All of this is good news for world democracy. But it also creates a very real danger. Last weekend Putin ordered Russia’s nuclear forces to go on high alert and issued military threats against Finland and Sweden. In doing so he is following an old pattern: Dictators are always at their most dangerous not when they are winning, but when they fear they are about to lose.

The most fateful example is Adolf Hitler.

In the late summer and autumn of 1941 Hitler had a clear sense that world events were moving against him. Britain and the United States were drawing ever closer together, with America supplying Britain with weapons and other resources through the Lend-Lease program. President Franklin D. Roosevelt and Prime Minister Winston Churchill signed the “Atlantic Charter,” which became the founding document of the United Nations. In the Soviet Union, the German invasion, which had started in June, bogged down in the face of unexpectedly stiff Soviet resistance.

Hitler’s response was to step up persecution of European Jews. First, Jews in all of Nazi-controlled Europe were forbidden to immigrate to safety anywhere. Then a program of deportations began in which Jews were sent from Germany and other Central European locations to “ghettos” and camps in Poland and the occupied Soviet Union.

In late November 1941, Fritz Todt, who was in charge of German military contracting and construction, told Hitler bluntly, “this war can no longer be won militarily.” Hitler asked Todt how he should end the war. When Todt told him that there needed be a “political solution,” Hitler replied that he didn’t see how he could do that.
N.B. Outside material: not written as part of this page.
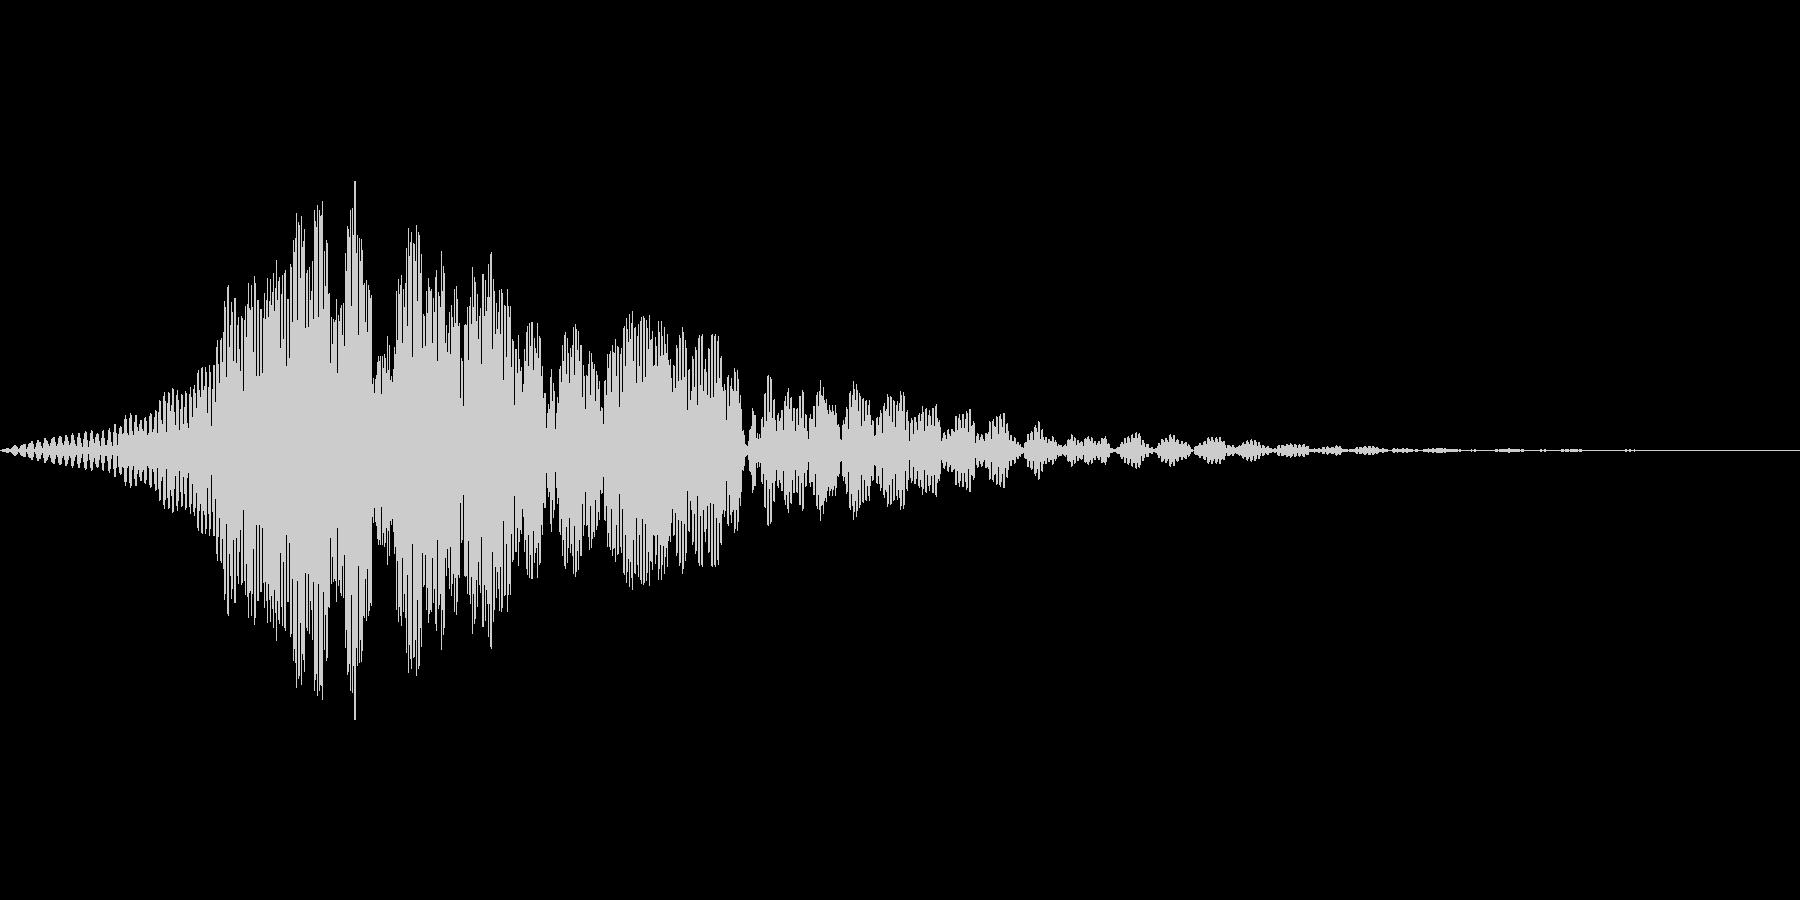 ゲーム上のウィンドウ等でキャンセル時の音の未再生の波形

Two weeks later, in the wake of Pearl Harbor, Hitler significantly widened the war he had been told he could not win: He declared war on the United States before Roosevelt had made any effort to get Congress to declare war on Germany.

In early 1942, the Nazi regime began the comprehensive genocide in which Jews from all over Nazi Europe were sent to specialized camps to be murdered with poisonous gas. Hitler’s statements and actions through the fall and winter of 1941-42 make it clear that both the widening war and the genocide were his responses to an increasingly desperate situation.
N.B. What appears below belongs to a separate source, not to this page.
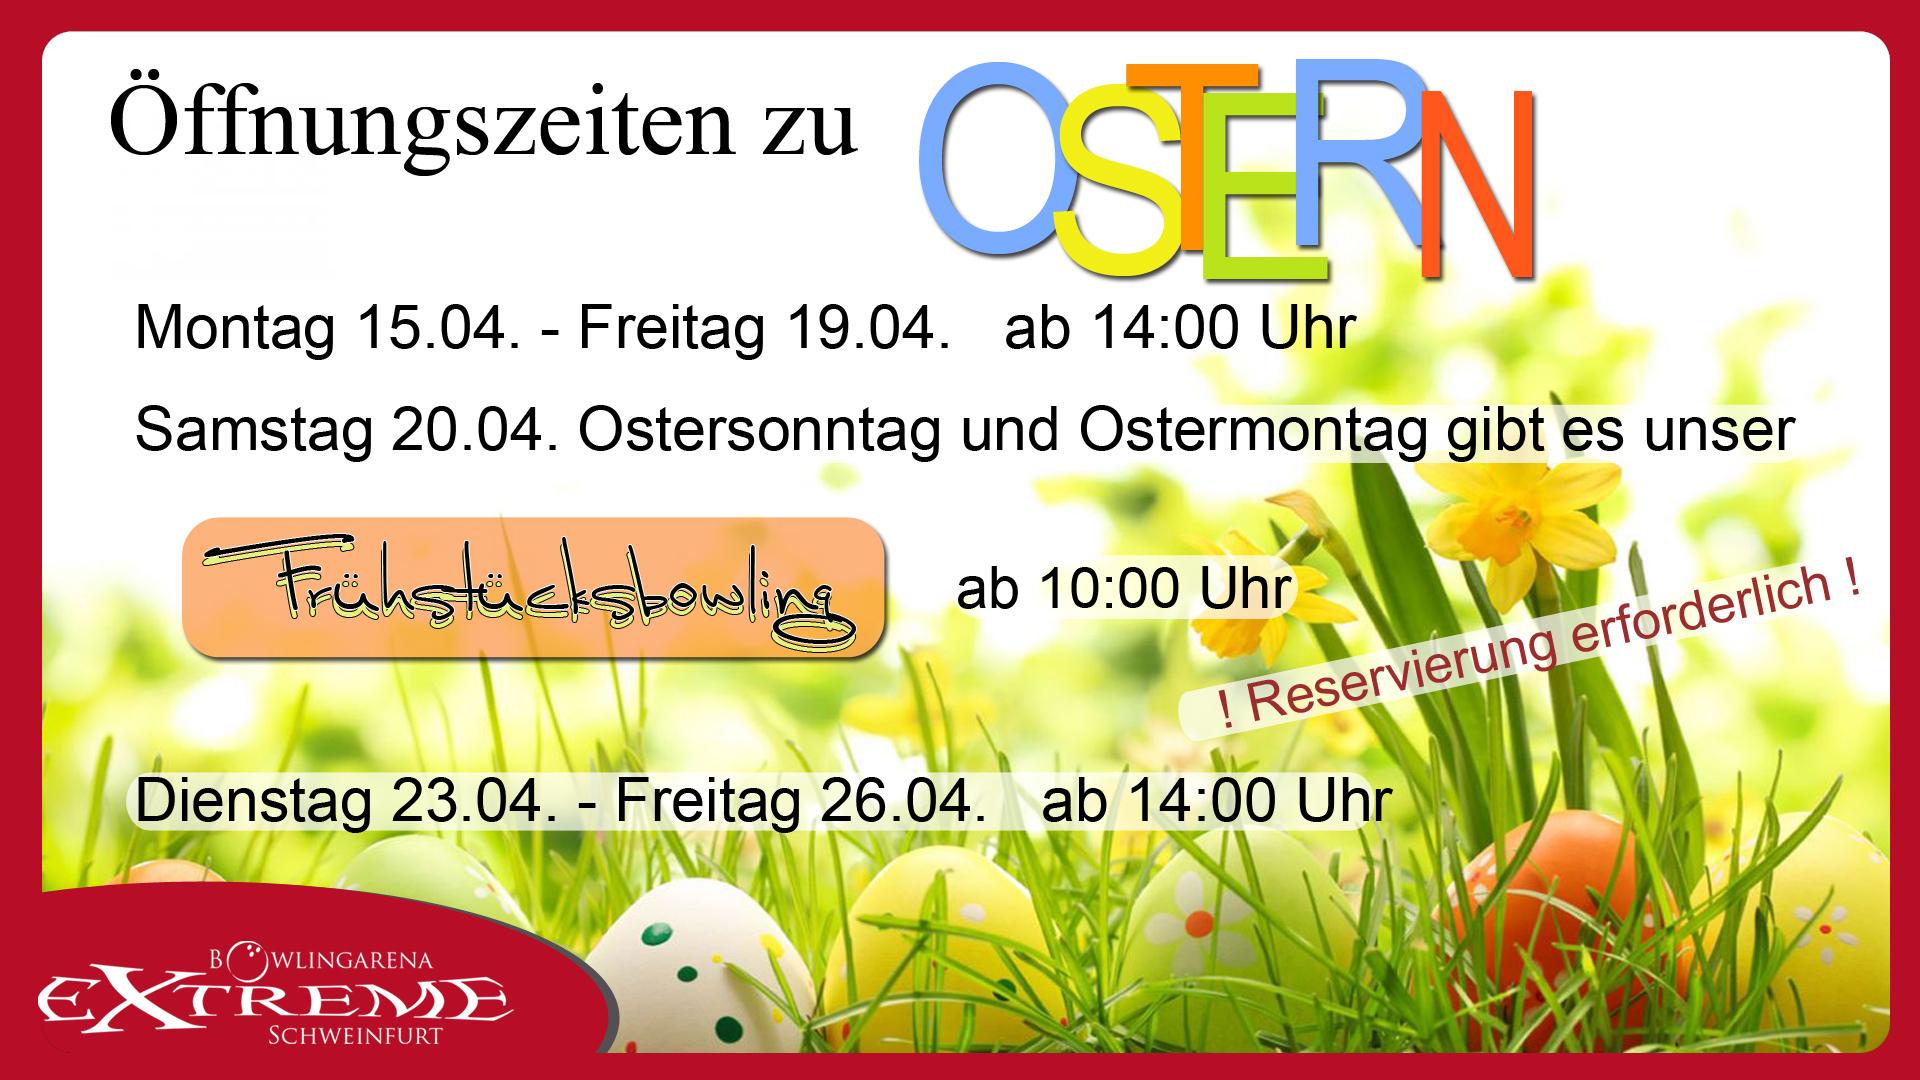 Osterferien Öffnungszeiten

Hitler’s example is the most devastating, but we see the same desperation in other dictators when they face the reality of failure. They become more brutal and repressive. Dictators are psychologically fragile: They need adulation and a sense of mastery, and they cannot tolerate loss. We have seen this pattern with Augusto Pinochet in Chile, Slobodan Milosevic in Serbia and Moammar Gadhafi in Libya. But another example may point even more directly to where we are right now.
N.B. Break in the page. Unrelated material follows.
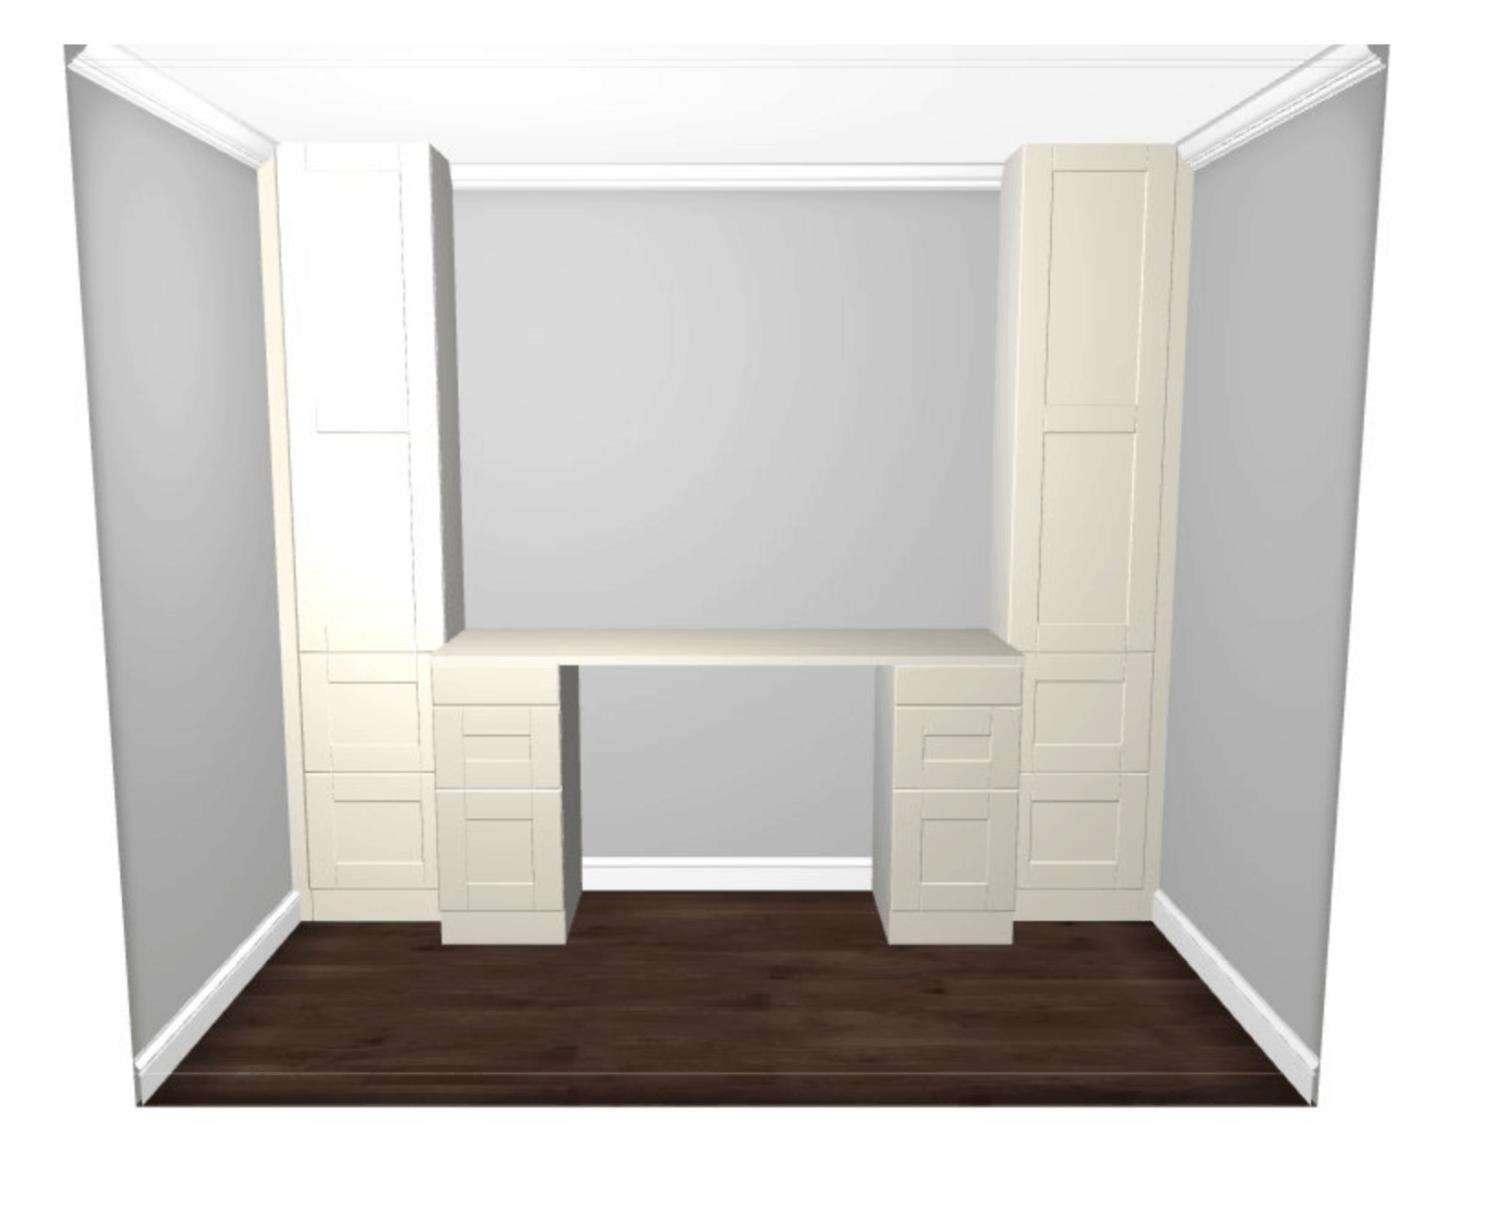 ikea sektion cabinet desk design mockup

In the autumn of 1989, the communist dictatorship of East Germany was crumbling in the face of economic crisis and increasingly large protest demonstrations. The strongman of that regime was not the head of the government, Erich Honecker, but Erich Mielke, the head of the infamous Stasi, the security forces.

As protests began to draw crowds in the tens of thousands, Mielke considered a “Chinese solution,” referring to the Tiananmen Square massacre of a few months before. Mielke’s memos and orders stressed that the security forces were in a desperate fight for their own lives, justifying the most violent response. Only the intervention of some prominent citizens (including the famous conductor Kurt Masur) and some in the Communist Party leadership kept Mielke from having his way and creating a bloodbath. Things could easily have gone differently.

Watching all this very carefully was a young Soviet KGB officer stationed in East Germany. People who know him say that this officer was profoundly shaped by the experience of seeing the East German regime fall without a fight, and that he would have done things very differently. The young KGB officer’s name? Vladimir Putin.

Benjamin Carter Hett is a professor of history at Hunter College and the Graduate Center, CUNY, and the author of “The Death of Democracy” and “The Nazi Menace: Hitler, Churchill, Roosevelt, Stalin, and the Road to War.”